Aging baby boomers and tech-savvy millennials don’t approach healthcare the same way, nor should providers treat those patients’ account communications and management in the same ways. By collecting and leveraging patient intelligence, providers can identify the best communication methods for various patient groups as well as what payment options to extend in order to streamline their revenue cycle.

For example, if patients log in to a URL printed on their paper statements, they may be more likely to engage electronically in the future. Considering that, on average, 3.1 statements are needed to collect payments, eliminating paper statements could reduce costs by 1 percent.

Other patient intelligence, such as their propensity to pay and account balances, can help providers identify what options to extend, which can help streamline the revenue cycle while increasing patient satisfaction. Ultimately, success will be driven by knowing the best way to engage and interact with patients in order to lower the cost to collect.
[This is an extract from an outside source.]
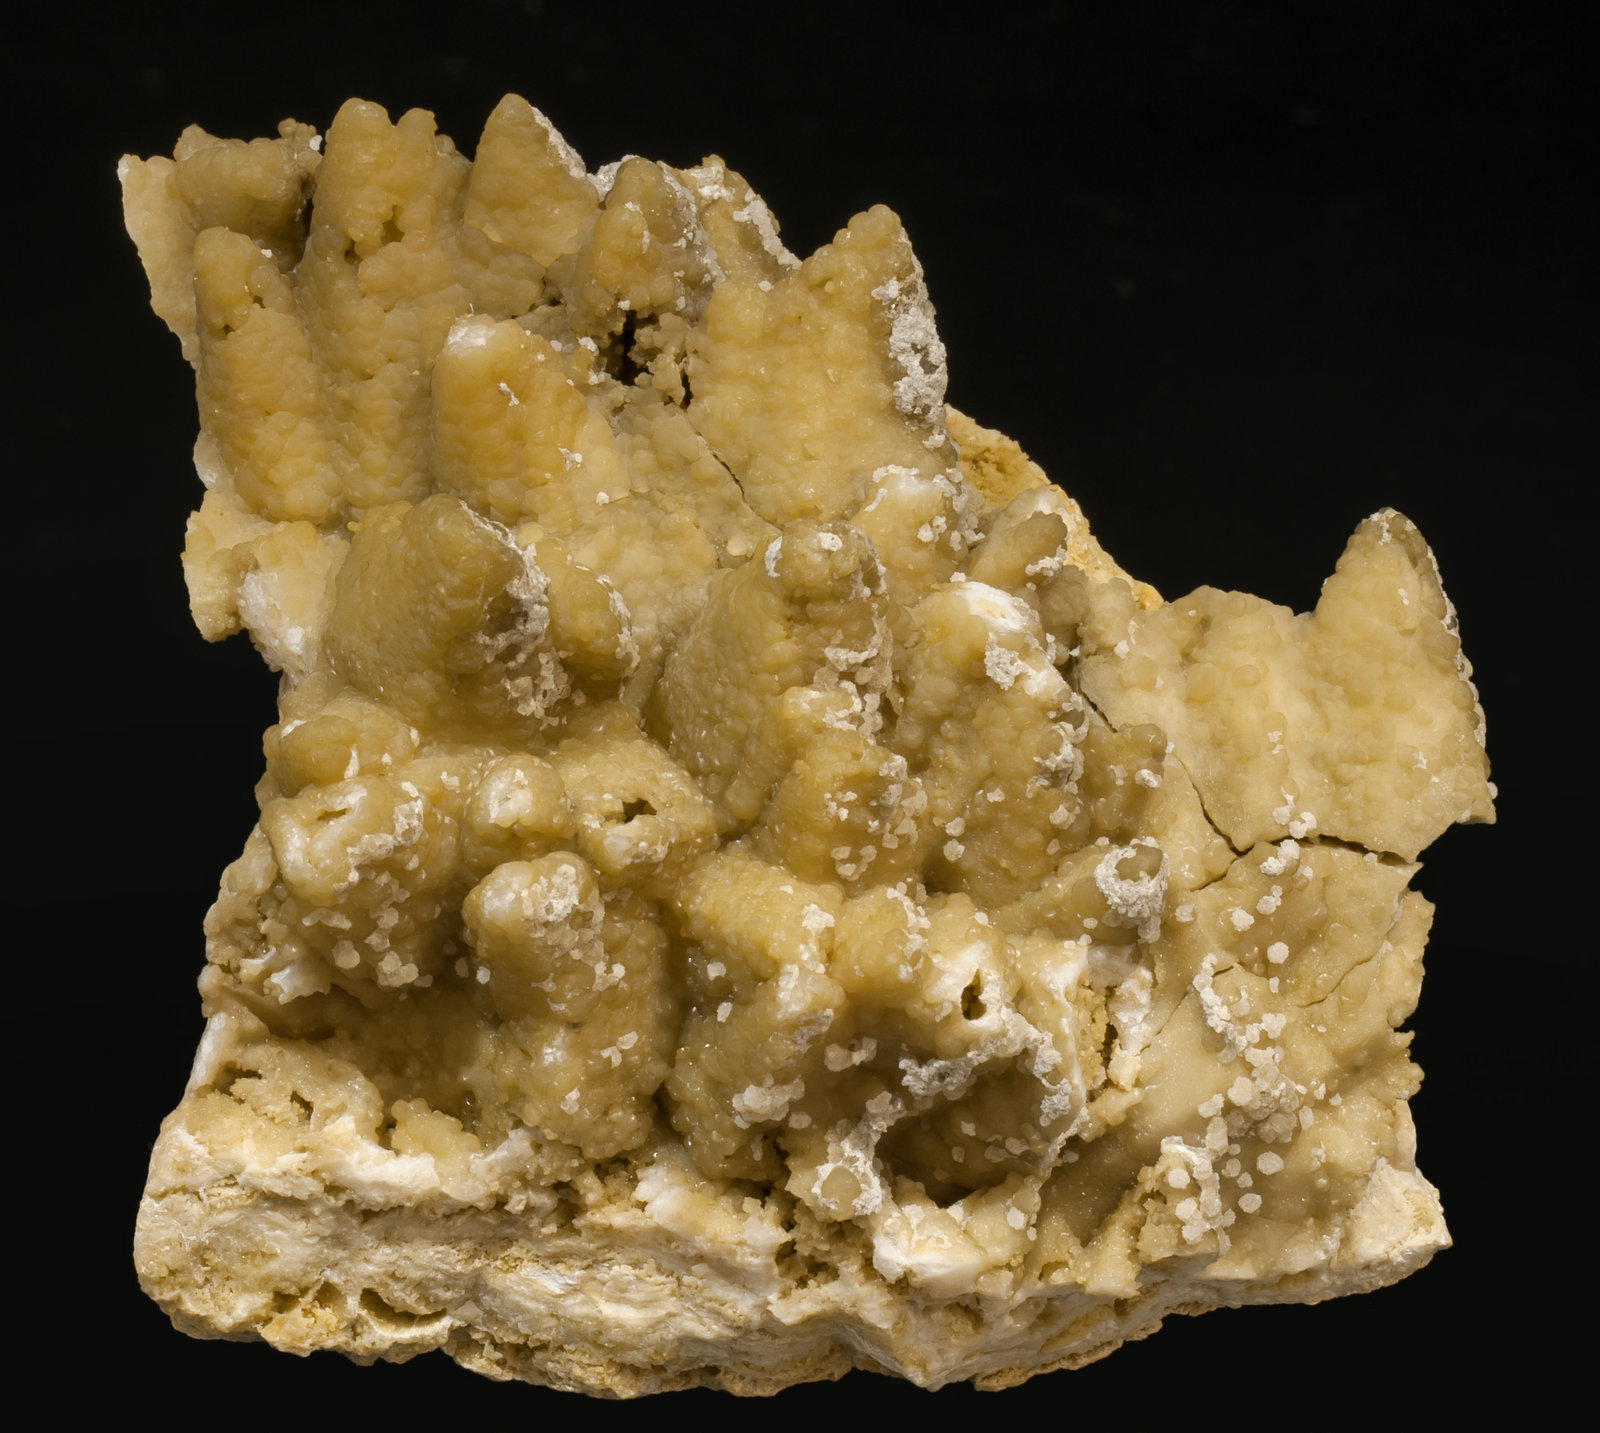 specimens/s_imagesAF0/Smithsonite-NG56AF0f.jpg

With so many moving parts in this new patient-driven environment, providers should consider software solutions that integrate with existing billing systems and internal workflows to cohesively manage the process while lowering integration costs and increasing usability.

Unifying the Revenue Cycle Strategy

Patient financing reaps many benefits including lowering costs and increasing timely payments, as well as increasing patient satisfaction with revenue cycle processes. A smooth payment process also contributes to a positive overall patient experience and increased patient loyalty. Hospitals and health systems that take a unified and proactive approach to patient payment as part of their revenue cycle strategy understand its importance for long-term solvency.


Shreyas Shah is senior VP, strategic marketing, Change Healthcare, Nashville.